Saturday, July 3, 2010

Narrow versus broad searches

The ever interesting Felix Salmon has a post today on hedgehogs versus foxes that I found quite interesting. In it, he makes a distinction between a careful and incremental approach to knowledge (traditional research) versus a fast and haphazard approach (blogging). I find this especially fascinating because I tend to be an incrementalist as a research (let's refine the current optima) whereas I am much more willing to discuss things for which I am not always an expert on a blog.

What struck me as most interesting is that a complete strategy for improving a field likely embraces both approaches. The bloggers (foxes) are racing around asking naive questions in the search for an undiscovered solution. The academic researchers (hedgehogs) are refining the known solutions to make them actually optimal. Both approaches are actually very useful, on their own terms.

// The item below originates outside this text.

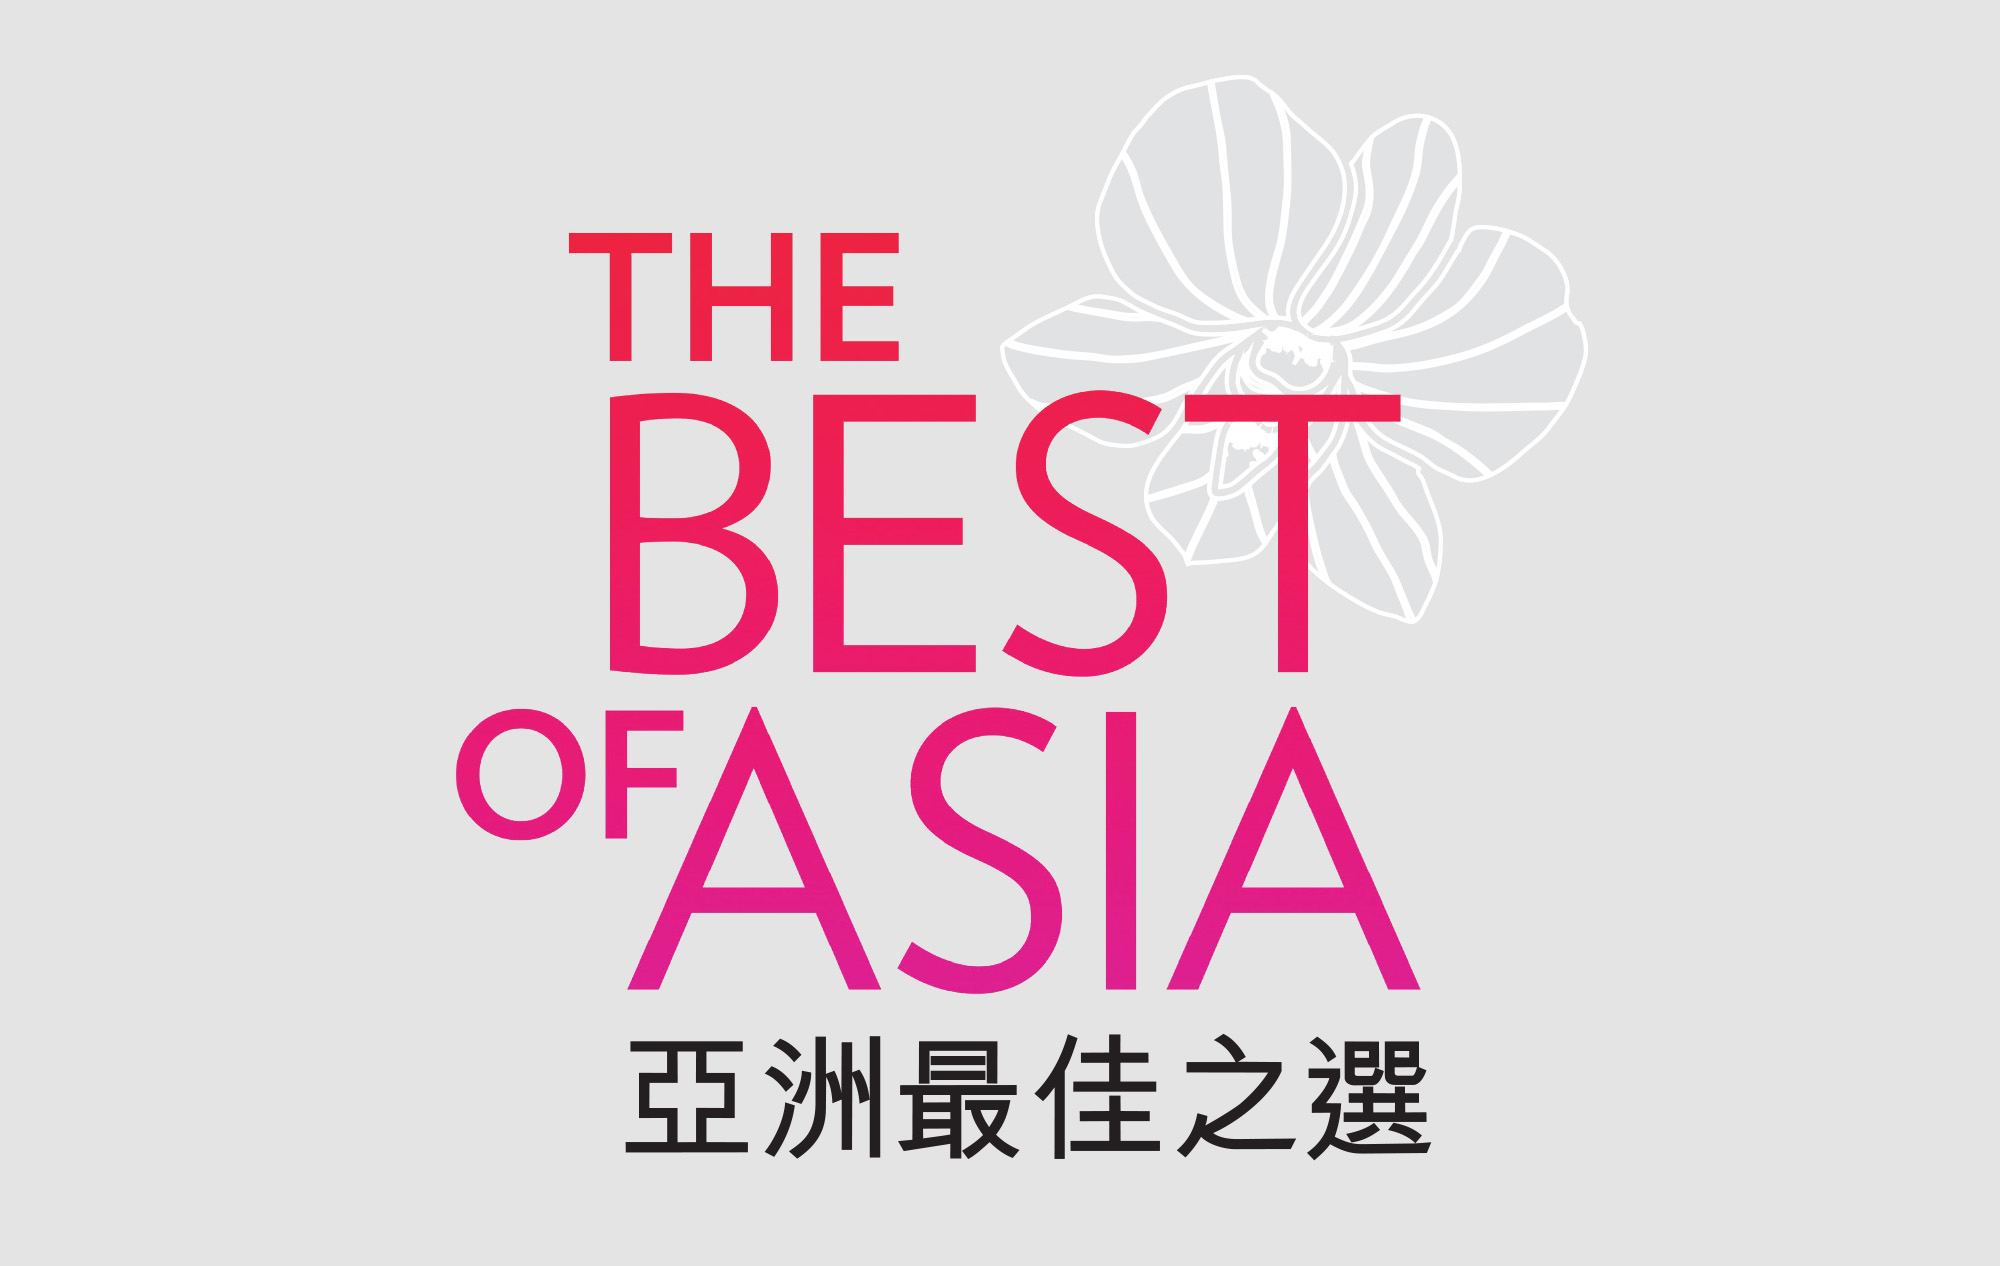 Marco Polo Club Members Choice Awards, best of asia, winner list

The thing to keep in mind is that the fox approach is going to generate a lot of failure. When I do epidemiology methods research, I always keep in mind that just beating he standard practice in the field is very hard to do. Heck, for a lot of problems, just getting substantial improvement in estimation over a carefully thought out linear regression model (regardless of whether the outcome is continuous or not) is surprisingly challenging. It can certainly be done and for some classes of problems, like time to event, the improvement is dramatic. Even more difficult, the current tools have been carefully refined and well understood -- developing a superior alternative is hard (just look at the number of methods papers published every month in statistics in medicine).

But every once in a while, a new idea shows up that leads to dramatic improvements, one way or the other, over conventional approaches. I think bloggers do a lot of the grunt work of looking around and trying to see if there is a superior paradigm or approach to looking at the current problems. Then academics take the slow and difficult process of incremental improvement.

It's a nice way of looking at the relation between these two approaches.

1 comment:

  1. The two approaches can coexist inside the same researcher though, surely?

    Sometimes you can be the fox sometimes the hedgehog. Just as long as you remember which is which and are honest with your self and others when it is that you are speculating?